When Napoleon decided to annul his marriage to Josephine in 1810, Josephine stormed off to Malmaison, her private estate outside Paris. before she left, however, she furiously doused everything in Napoleon's home with her unique musk fragrance, literally marinating the premises in her scented oils.. Napoleon never was able to extricate l'air de Josephine from his draperies, furniture, rugs, clothing, and linens. Madame Bonaparte's flagrant personal statement in fragrance was, in this case, "Va te faire foutre, you twerp!"
Twentieth-century male connoisseurs of feminine allure think differently on the subject of how women might employ sweet scents. Guy Fery told us, "Like wine, a fragrance should never be too sweet, too dry, or too heavy." And Hollywood beauty expert George Masters suggests in his new book, The Masters Way to Beauty, that you atomize a mist of spray cologne about an arm's length away from you, walk briskly through the perfume-permeated air, and voila.
The art of perfuming yourself well makes for irresistibly feminine allure. Indulge yourself in at least one of Viva's choices of bottled bouquets.
Perfume: Cachet by Prince Matchabelli.
Hair by Patrick Bouguennec, Jean Louis David Salon, Henri Bendel.
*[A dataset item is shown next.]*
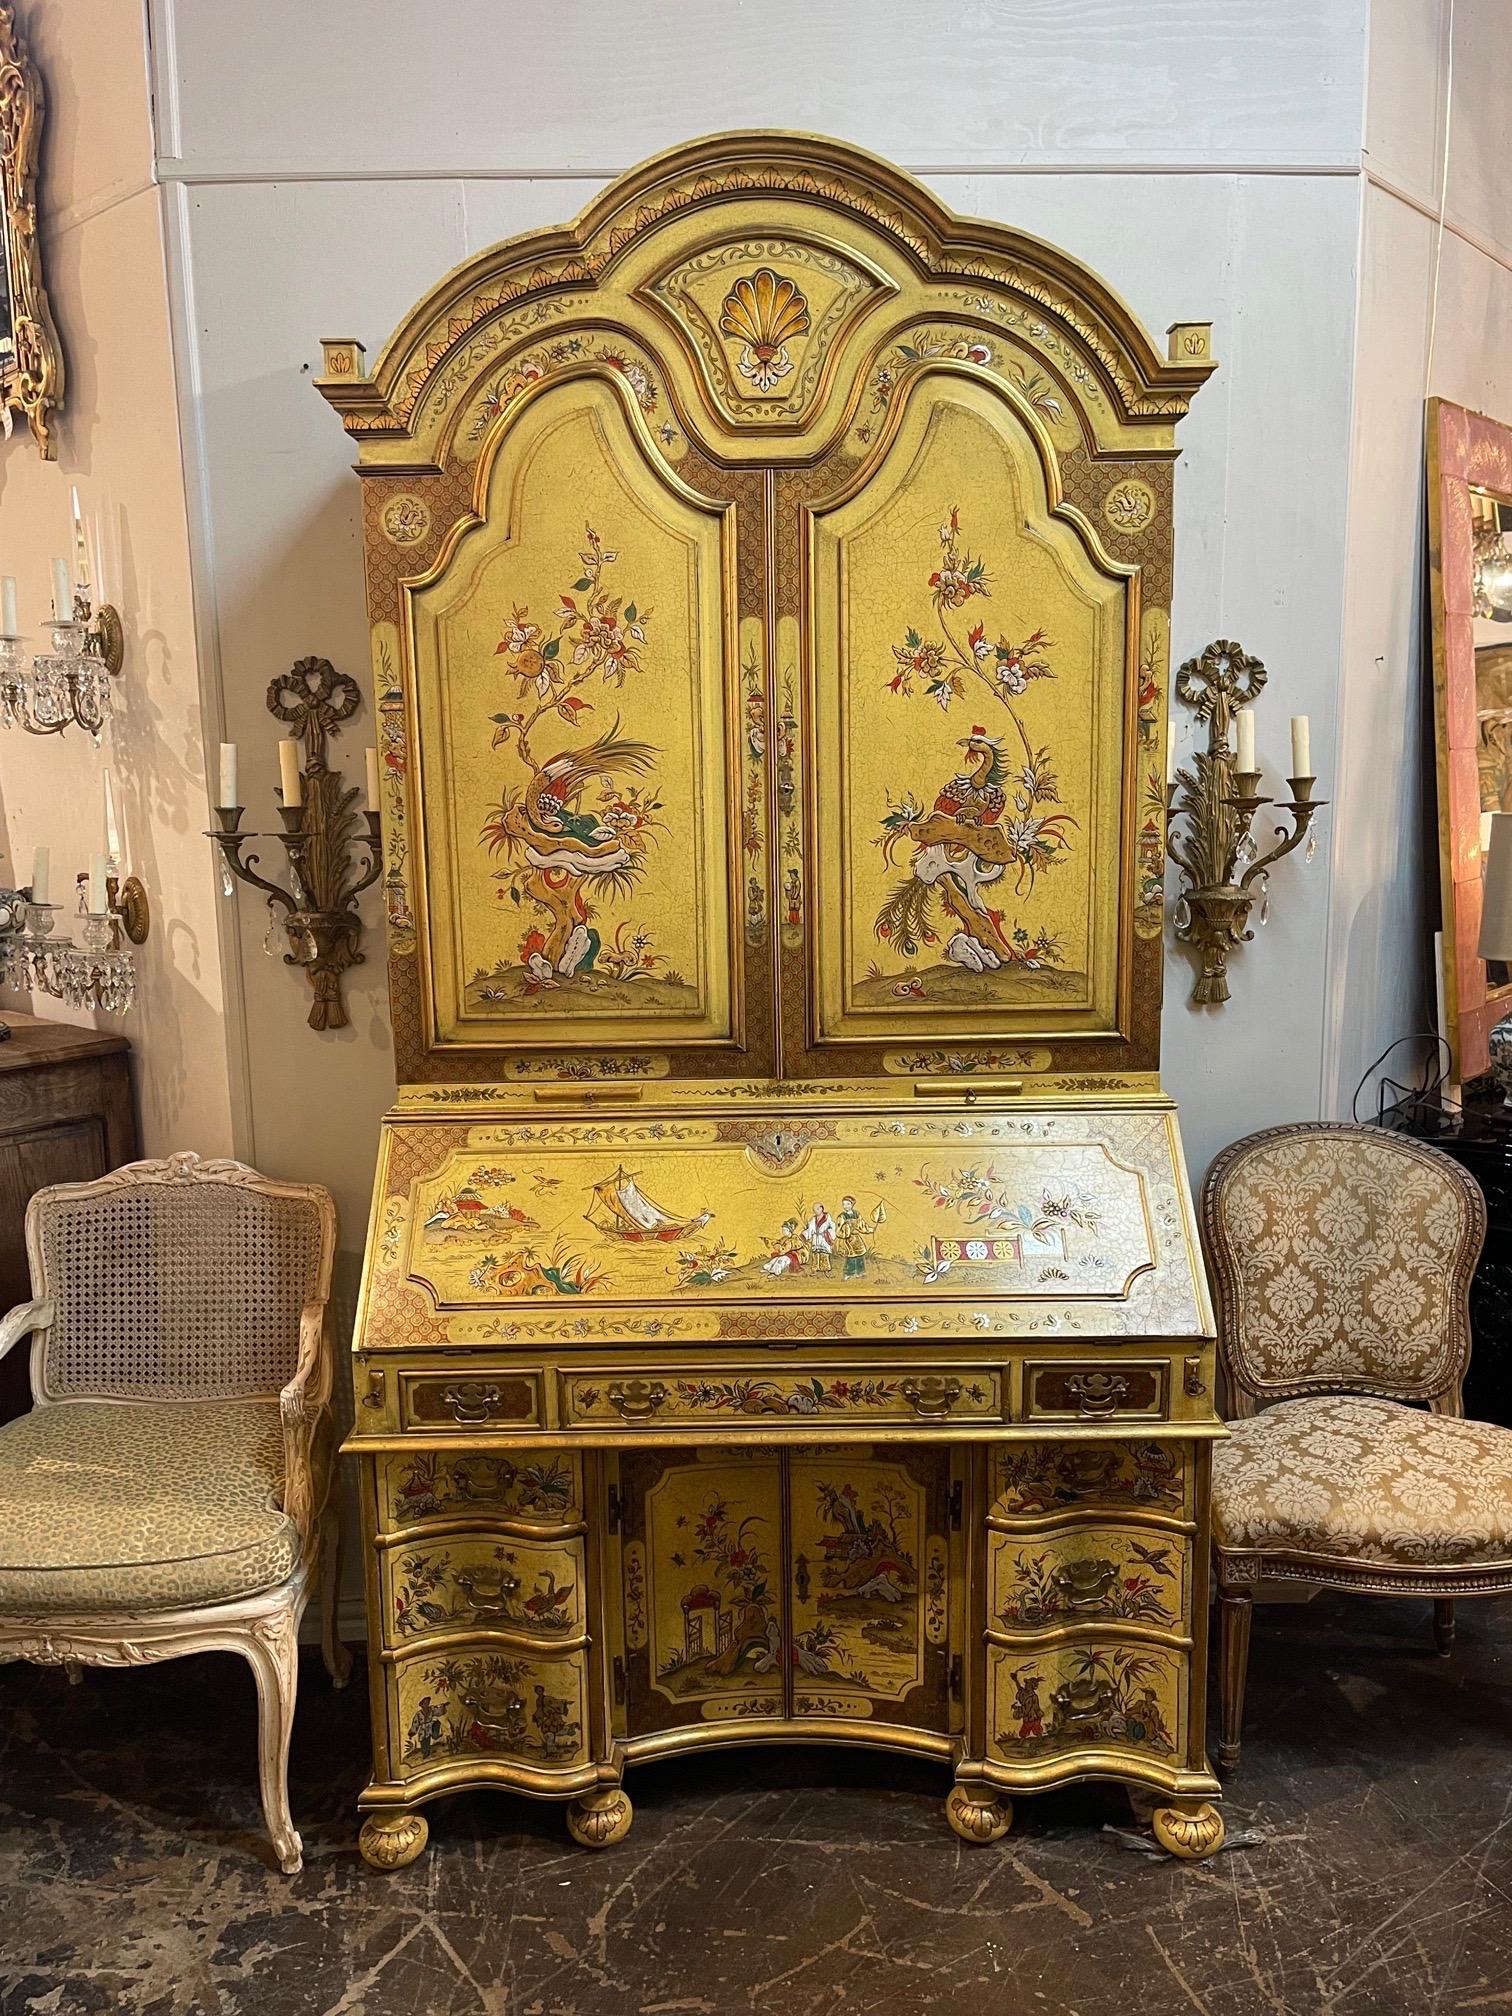 Very fine English secretary cabinet with hand painted Chinoiserie design. Such pretty decorative designs, including birds, flowers and Asian images. And as you open the piece see multiple compartments and drawers. Exquisite!!.

Perfume: Cachet by Prince Matchabelli.
A Potpourri of Summer Scents
Amour Amour, by Jean Patou, means "love times two"; a lyrical, lingering fragrance with not too sweet floral high notes and hint of spice.
Chanel No. 19 is a whole new experience of Chane;'s fine craft - light and airy as a bright, early morning in a field of ferns.
Tabu is Dana's musky, seductive scent, a passionate vertigo of enigma and forbidden mysteries.
Guerlain's L'Heure Bleue has addictive potential for poetic romantics; it's name means "the blue hour" - twilight, when harsh edges are blurred and lovers stroll peacefully by the Seine.
Essence Rare, by Houbigant, is fresh and young, poignant and reminiscent; polar forces of fragrance are blended into a totally provocative perfume.
Je Reviens, by Worth, is no less than a statement, a signature in scent, sophisticated and sunny. "I return," it whispers.
Cachet, by Prince Matchabelli, is the ultimate individualist's nosegay - gentle wafts of mossy forests mingled with exotic, tender blossoms.
Pavlova, by Payot, has drama, confidence, an undercurrent of mellow moods; decidedly city-chic, it has suggestions, too, of tiny, wild mountain flowers.
Cabochard, by Gres, is boldly feminine, insistent yet yielding, delicately seductive with shades of shy mystique.
Paco Rabanne's Calandre is a love song, clear and high, adventurous and whimsical, yearning softly, making magic music.
Havoc, by Mary Quant, creates exactly that with the romantic men in your life; breezy, devil-may-care, this fragrance also carries base notes of more serious, ravishing resonance.
Courreges is the ultimately haute scent, mature and knowledgeable; once you've tried it, you'll feel utterly unfashionable without it even when you're dressed to the nines.
Babe, by Faberge, has a distinctly americaine sense of fun and confidence - clever and witty, charming and gay, all the things you like about yourself, in one lovely, provocative perfume.
Black Chinese silk man's antique robe ($45), black suede fifties Spring-O-Lator shoes ($32.50), all one of a kind from Early Halloween, NYC. Perfume: Woman by Jovan.
Midnight blue-and-black quilted-silk man's robe ($5), one of a kind from a selection at Early Halloween, NYC. Perfume: Parure by Guerlain.
Illustrations by Guy Fery and text by Susan Duff for Viva, August 1978.
Is anyone still a fan of any of the perfumes listed above? L'Heure Bleue was my grandmother's scent and is still my absolute favourite perfume of all time, but I'm waiting a few more years before I start to wear it. I'm definitely intrigued by Courreges and Babe after reading their descriptions- I might have to track some down...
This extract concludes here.